Sometimes I pace around my room in the dark while I frantically, and with a harsh jerking of the neck, look at the window to check it every time I pass.

It glows with a cool blue light, and it is filled with outlines of the faces, the faces I caress.
Whenever I lie on my side in the bed, with my legs tugged up under me, resting my head on my stretched out arm, and my hand in a ninety degree angle, I do not surrender willingly to sleep.
I keep my eyes on the glass.

I lie in fear of blinking.
I lie in fear of absence of the light.

When I finally close my eyes there is nothing but an unending parade of rooms.
The faces do not press themselves up against the windows in here, in here I am alone, and I have no outlines to trace. I am separated from the light and the glass by the lids in front of my eyes.

Bathed in sweat I awake.

I keep my mouth open, ready to scream, but nothing ever comes out. My breathing is too shallow to create the explosion, so instead I chew on the air, like a fish lying on shore. Trying to make sure that the mechanics aren’t broken I feel for the rising motion of my chest, resting my hands on my ribs. The sensation of touch confirms that the function is maintained.

The blue window attracts more faces.
Their breaths fog op the glass.

‘Something is not right. Something seems off.’ The thought is fleeting, and even though the feeling lingers longer than the thought it too soon dissolves over the faces in the blue light. I take my hands off my increasingly protruding ribs and press them against the light making two stark silhouettes of something human on top something less than that.

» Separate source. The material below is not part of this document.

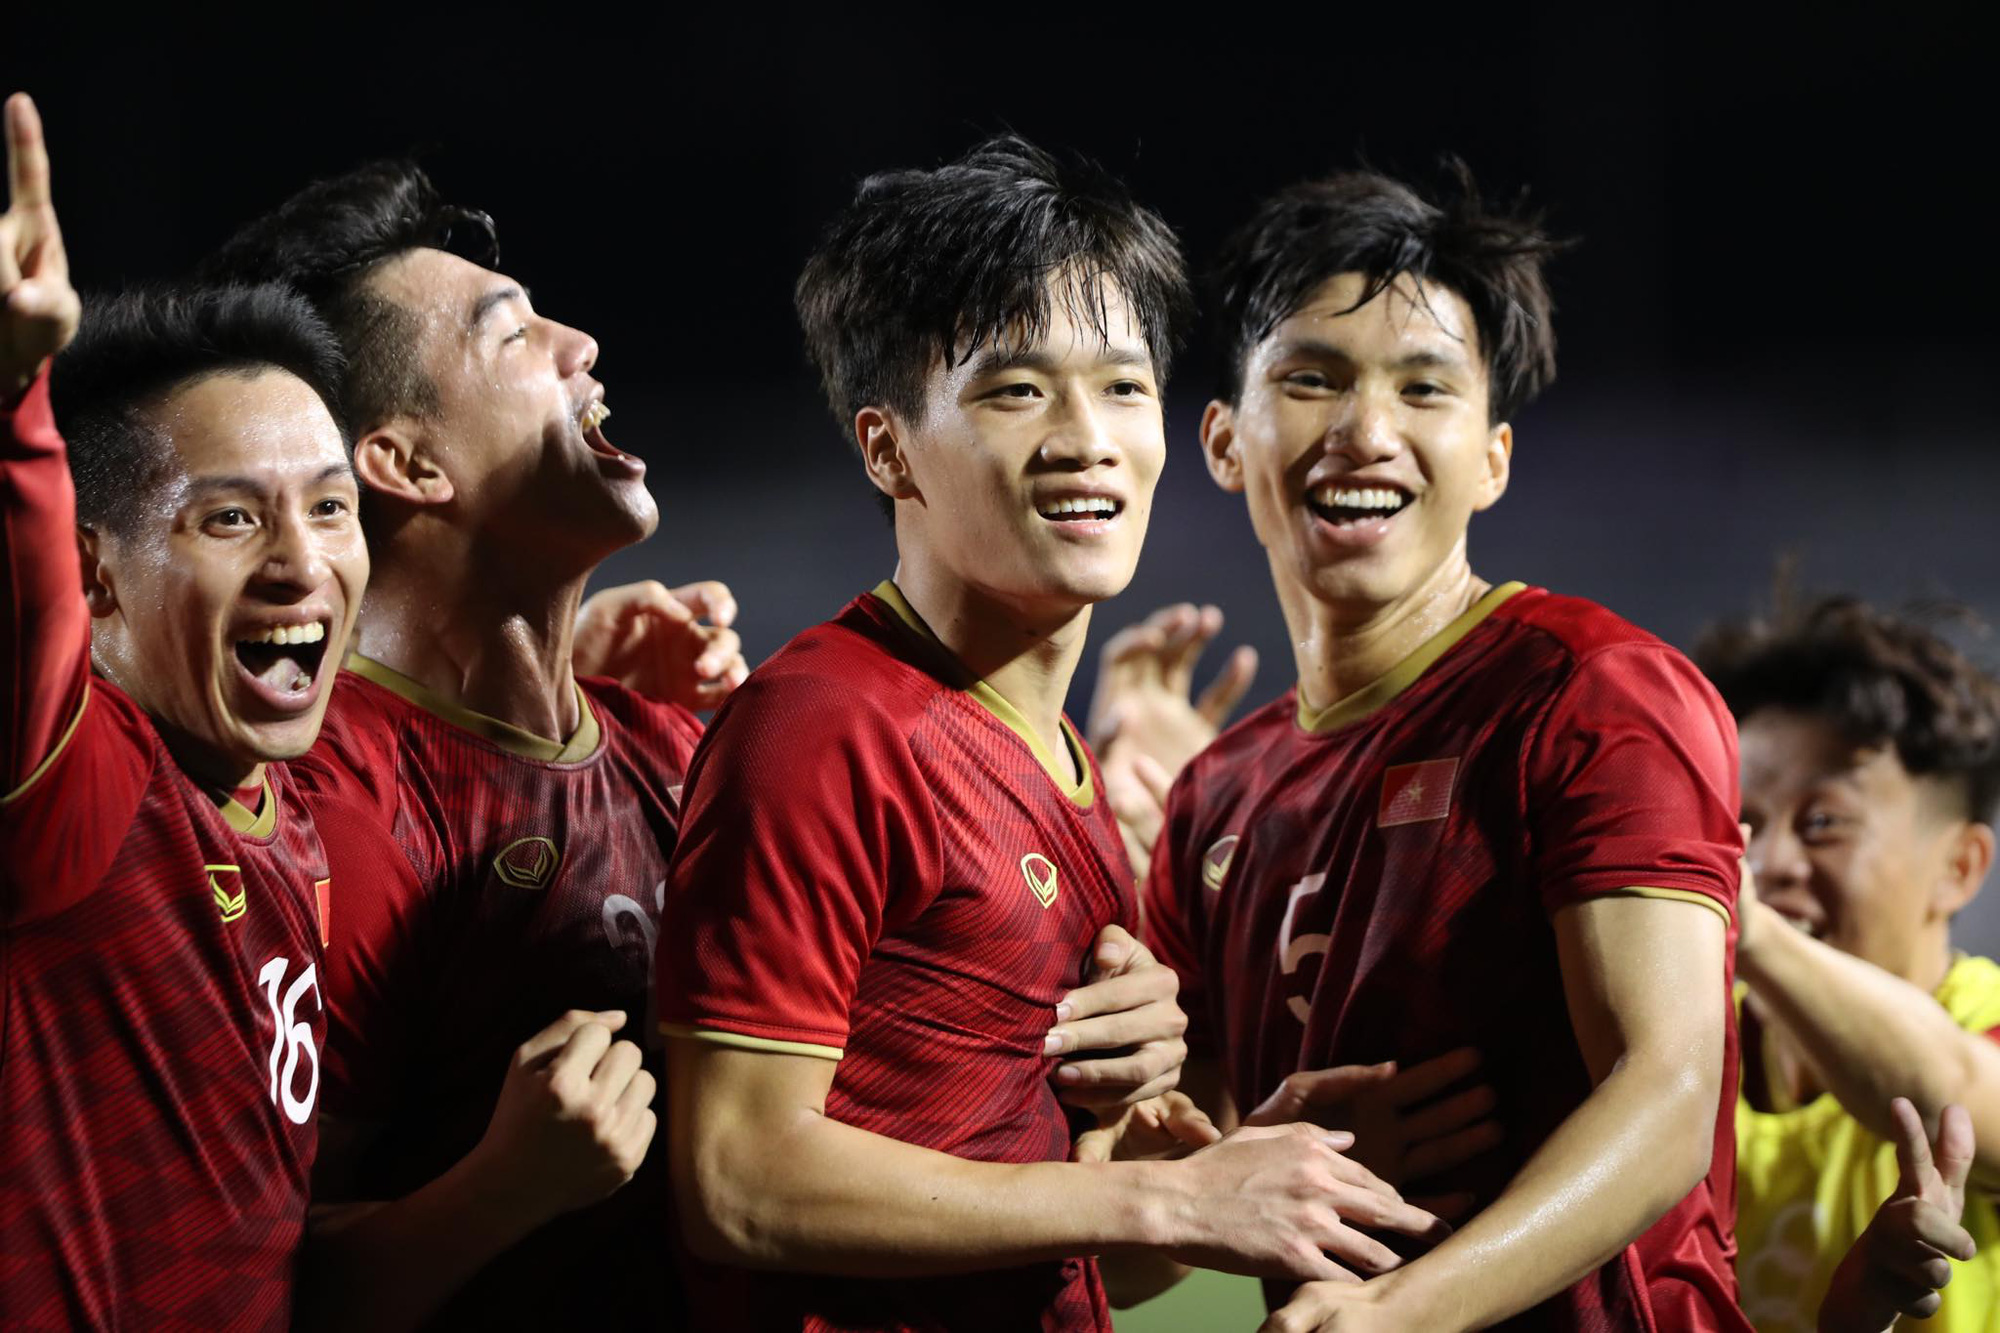 U22 Việt Nam vừa giành chiến thắng vang dội tại giải bóng đá châu Á và được các báo châu Á đánh giá rất cao. Hãy xem lại những khoảnh khắc đáng nhớ và tinh thần với người lao động của các cầu thủ trong trận đấu này.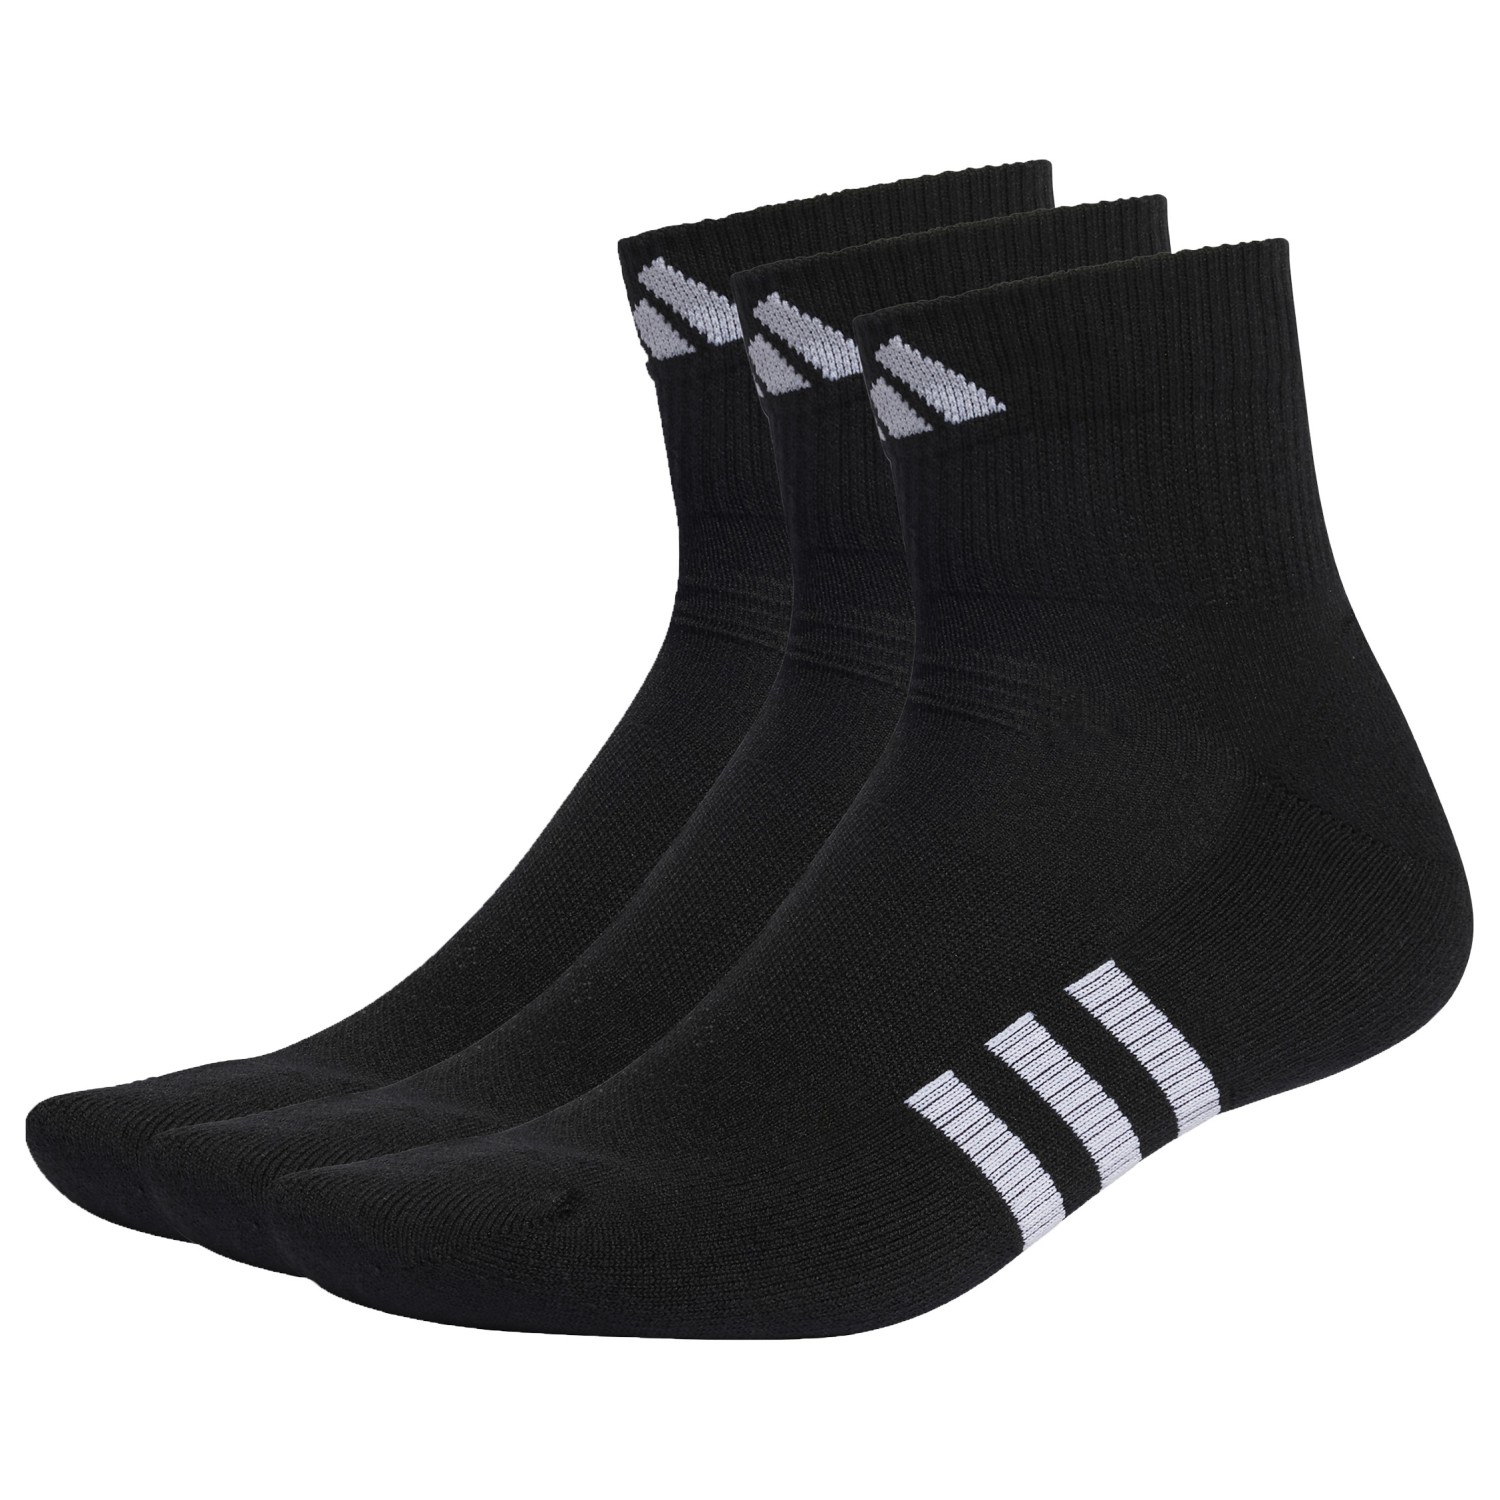 Многофункциональные носки Adidas Performancef Cushioned Mid 3 Pack, цвет Black/Black/Black цена и фото

There is something between the face and my hands, something that draws my finger to the cheek every time. It pulls on my elbow, it commands my sinew, and it makes my brain fire its neurons. I slip my tongue over my lips and spread saliva on the dried skin, feeling the rough edges as the organ goes from one end of the orifice to the other.

Nothing else lies outside my room and the surface of the window.
I continue living, forever haunted by the thought that the blue light one day might fade and disappear.